Lecture 12: 22.10.2018

Programming for shared memory with processes. (Mastermind)

Develop a client/server application for playing the Mastermind game. The clients (players) communicate with the server trying to guess a code sequence of 4 letters, while the server is responsible for generating the code sequences to be guessed by each player, and for providing feedback about the players' attempts at guessing their code sequences. In more detail: The communication between the server and the clients should be done through a shared memory segment. The segment must hold a vector, indexed by client, with all the information required for a client and server to communicate. Consider the following structure to represent that information:
  typedef struct {
  char state;          // PLAYER_OUT: no player; PLAYER_IN: player in the game
  char who;            // SERVER_MOVE: server has responded; PLAYER_MOVE: player has made new attempt
  char move[N_BOARD];  // last attempt of player or last response of server
  int attempts;        // number of attempts
  } struct_player;
Synchronization between server and clients should be done with semaphores. When a client sends an attempt to the server, it should go into sleep mode until the server responds. On the other hand, the server should also sleep when there are no more attempts to answer to. To ensure a fair response time, the server should use a round-robin strategy to answer to the clients.

The server and the clients should be initialized with different executables. As a suggestion, consider the following starting code for the server and for the clients.
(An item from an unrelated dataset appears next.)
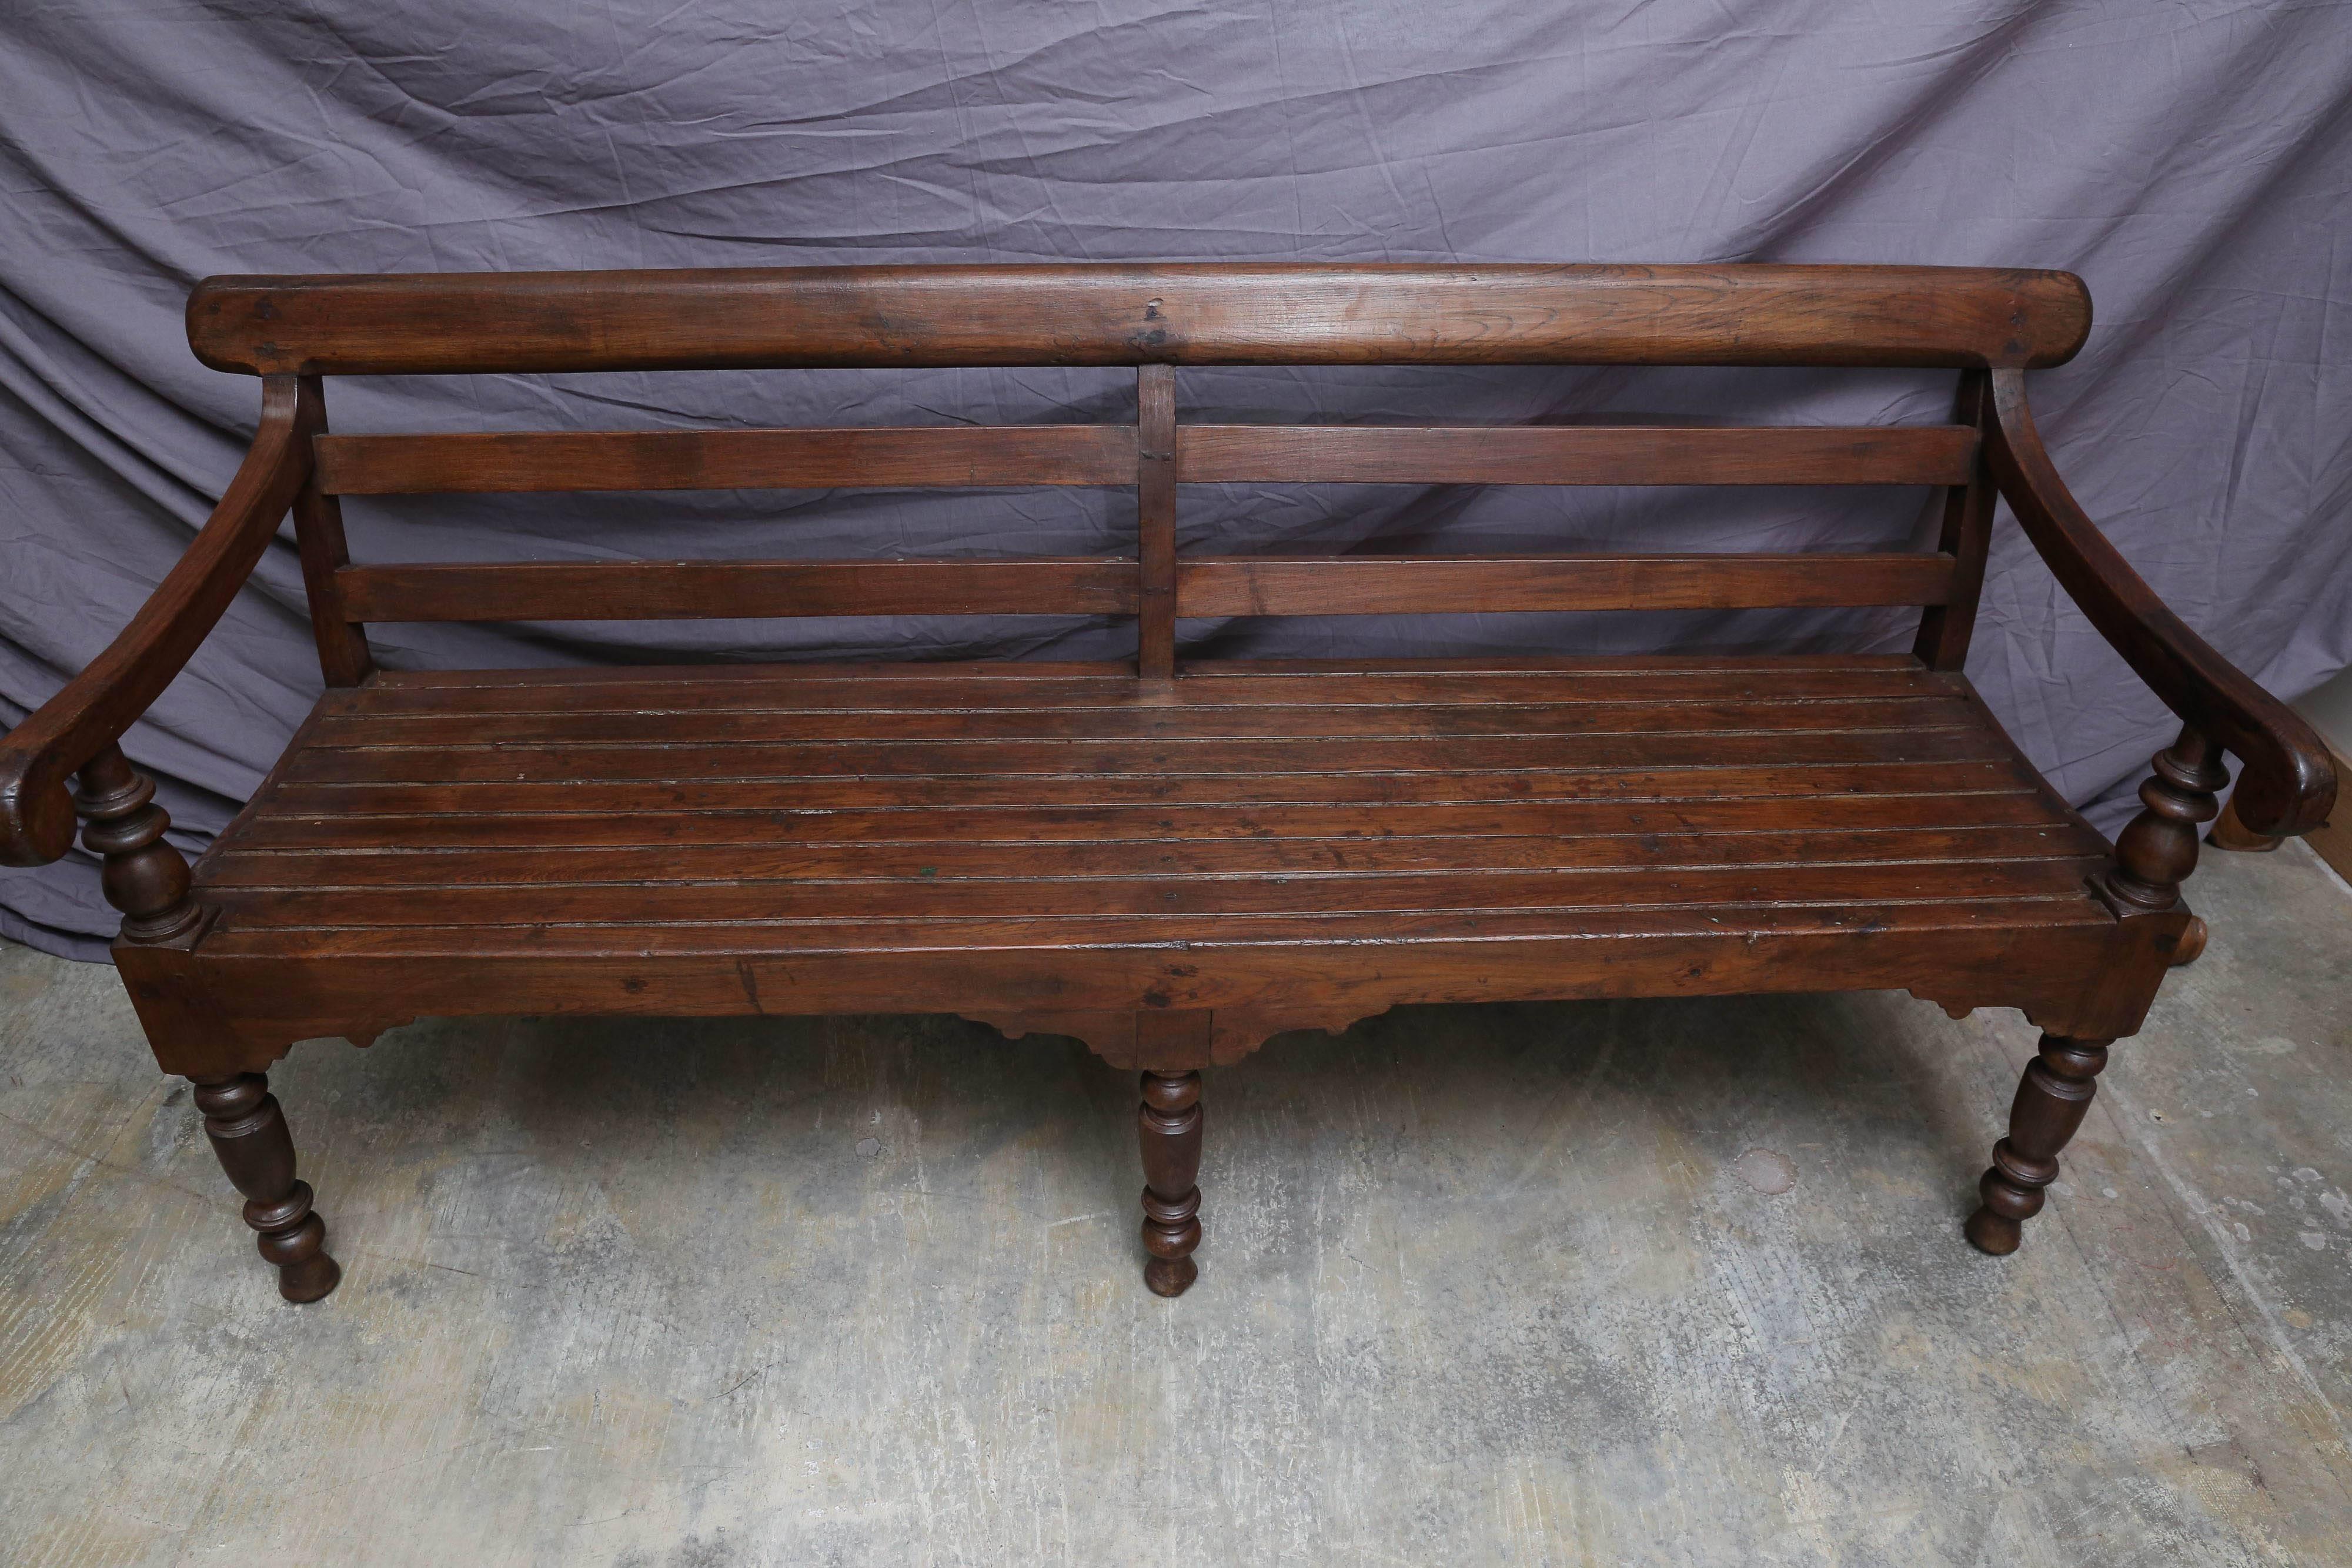 This simple bench is made of solid teak wood, contoured for comfort and is supported by six carved legs. It comes from a colonial tea plantation. It is made in the old world style of carpentry and has a rich wood patina. These benches have weathered

Programming for shared memory with processes. (NQueens)

Develop an application to solve in parallel the problem of placing N-queens in a chess board. The problem consists in finding all possible arrangements of N queens in a chess board of dimension N, such that no two queens attack each other. Two queens attack each other if they are in the same line, column or diagonal. The figure shows the positions that are attacked by a queen placed in board of dimension 7x7 and, on the side, it shows a possible solution for such board.

Given that the number of queens is equal to the board dimensions, it is mandatory to have one queen per board line. Thus, we can represent the position of the queens in the board by a vector of N rows that associates to each row the column in which the queen is placed.

A procedure to place the N queens in the board is to start by the first row and consider the N available column positions available. Then, for each position in the first row, consider the positions in the second row that will not attack the first queen. Apply this idea to the other rows, to obtain all possible solutions. As we progress with the rows, it is necessary to save valid intermediate combinations. This can be done with a queue of tasks where we save these combinations.

Starting from the following code structure, implement a sequential version of the queue of tasks. Then make a first parallel version in which the different workers synchronize in the two operations that access the queue of tasks.

Last, extend the parallel version to support multiple task queues associated with groups of workers. Each group of workers only consumes tasks from its task queue, but distributes its intermediate combinations by all queues in a round-robin fashion.